- _Exercise brief_
Copy exactly the lines of the material below that fall between the line with "3M Post-it Recycling" and the line with "The BJP now", both of those lines included; pictures stay out.

- _Task input_

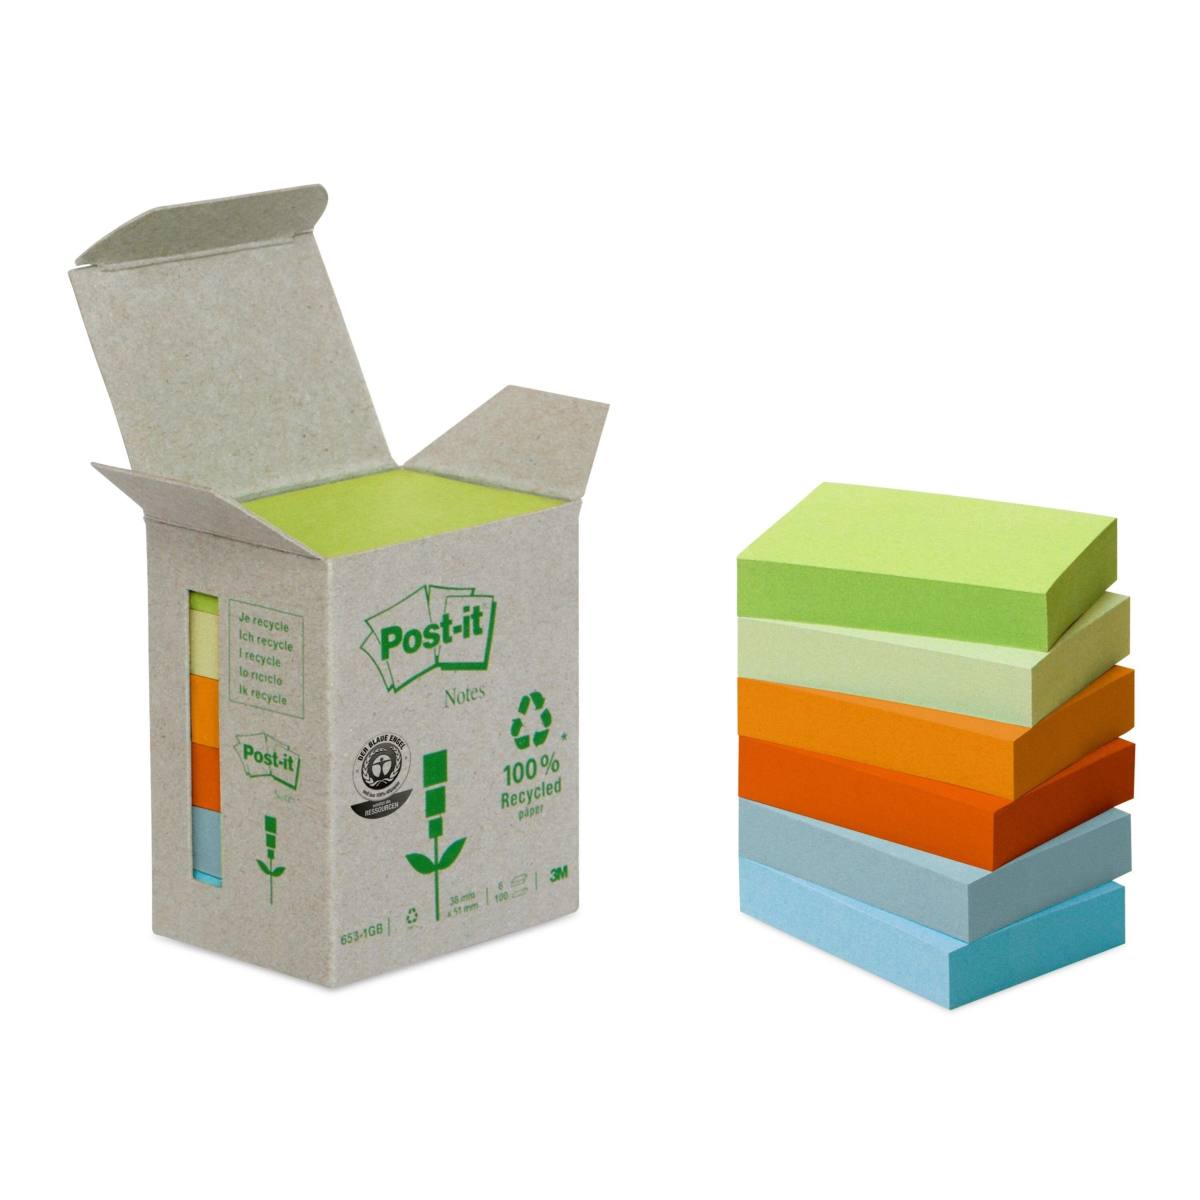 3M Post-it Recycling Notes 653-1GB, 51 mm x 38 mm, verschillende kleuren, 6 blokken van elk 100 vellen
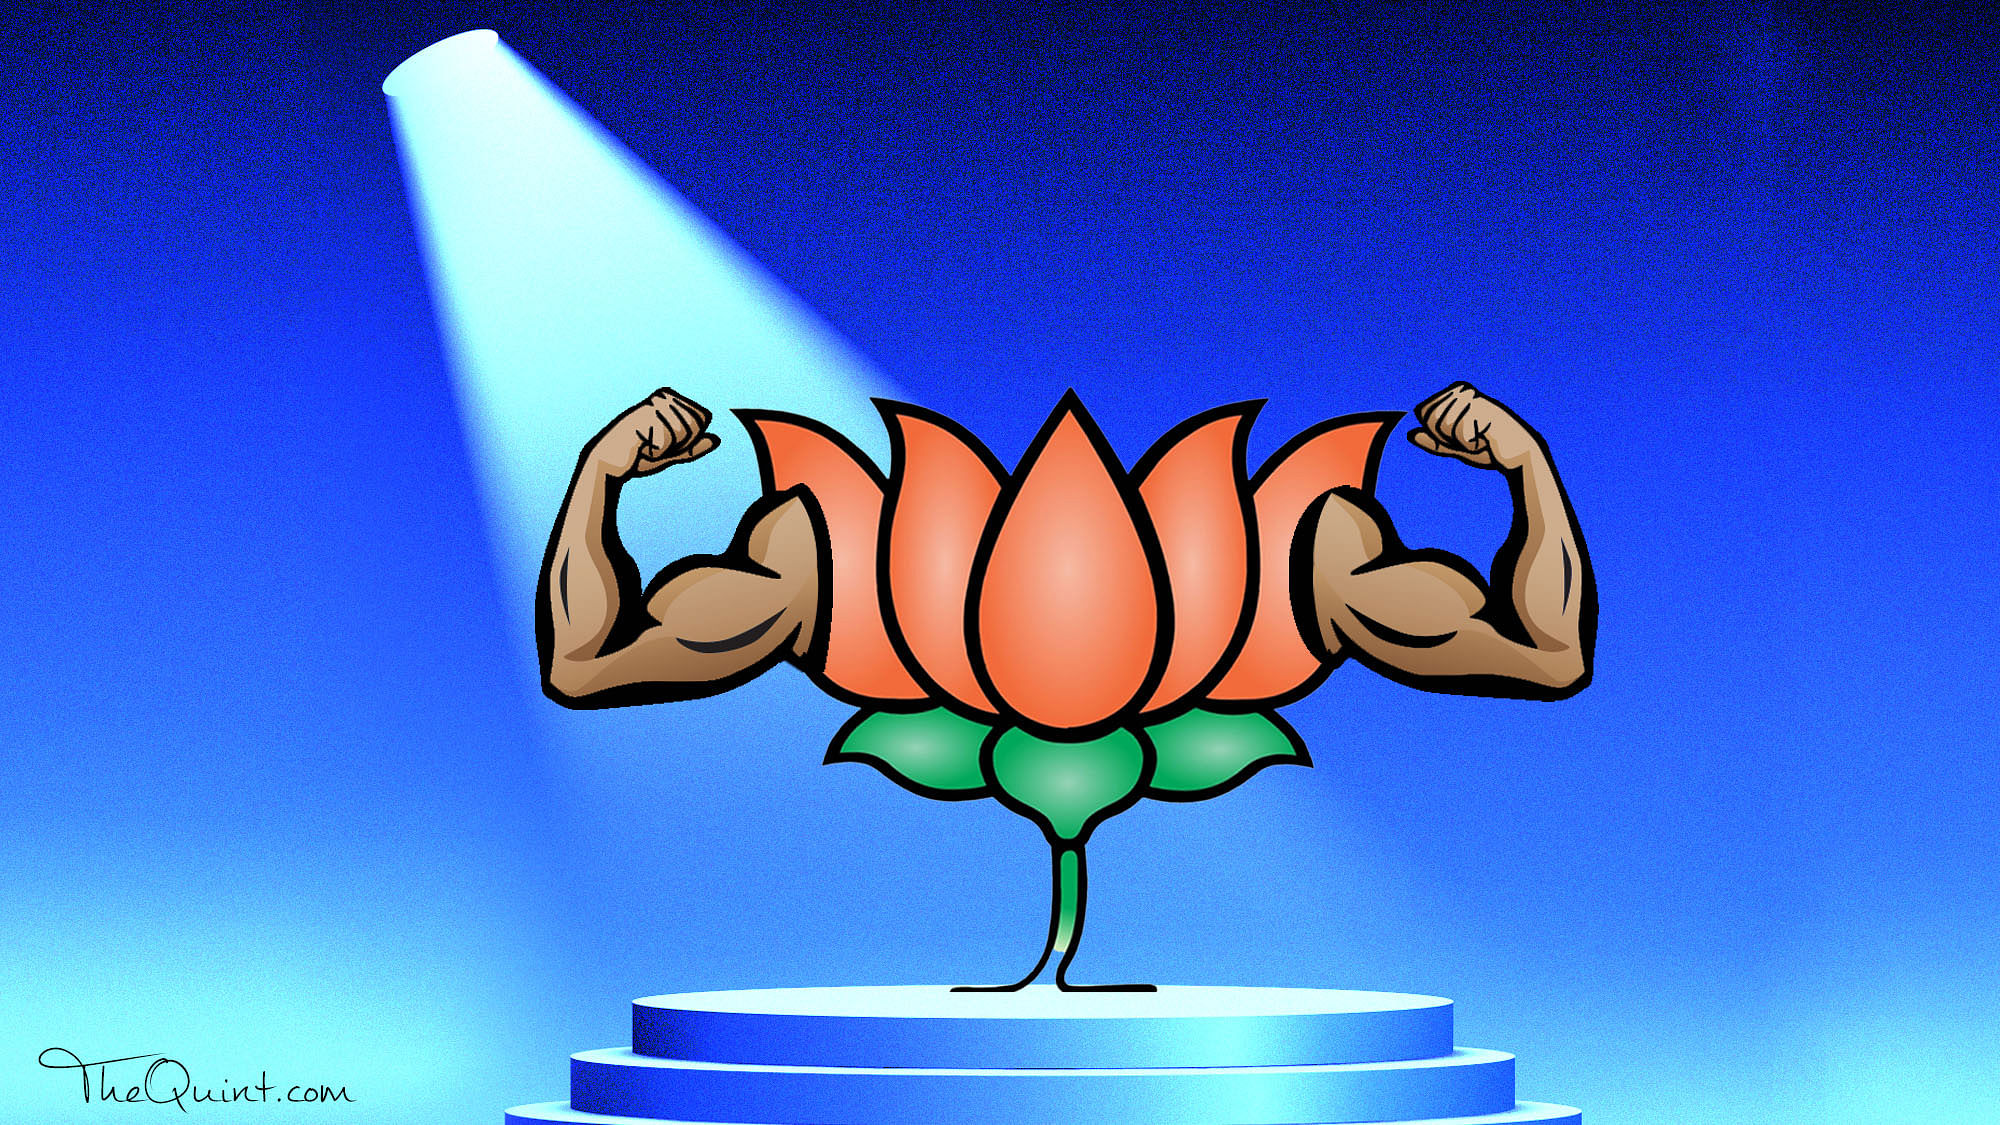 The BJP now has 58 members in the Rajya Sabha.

...

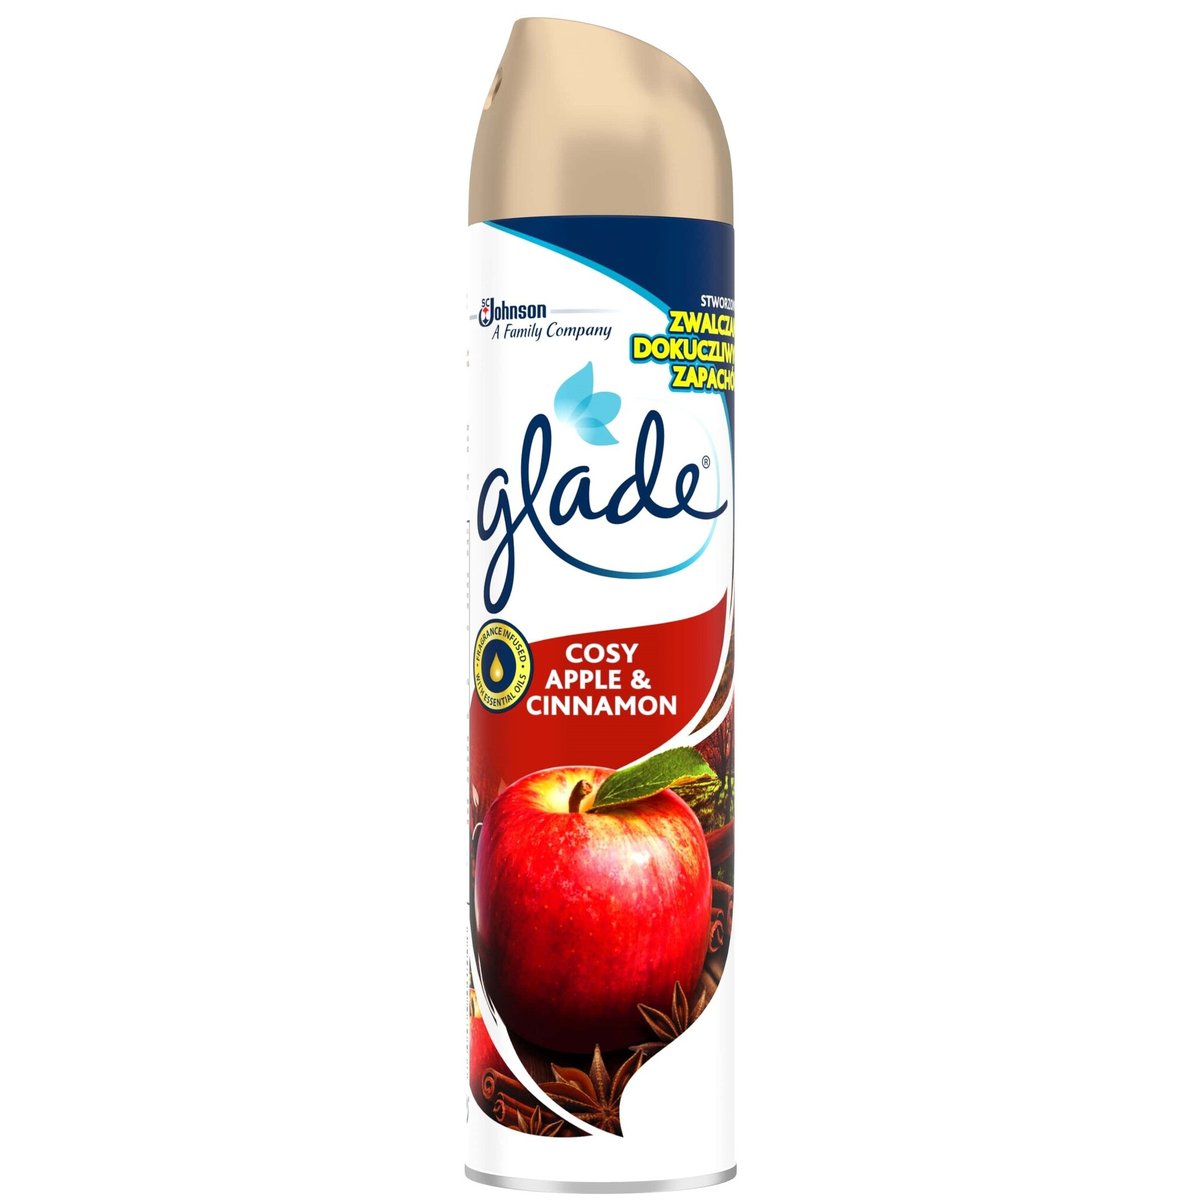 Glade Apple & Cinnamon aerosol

- _Finished exercise_
 3M Post-it Recycling Notes 653-1GB, 51 mm x 38 mm, verschillende kleuren, 6 blokken van elk 100 vellen
 The BJP now has 58 members in the Rajya Sabha.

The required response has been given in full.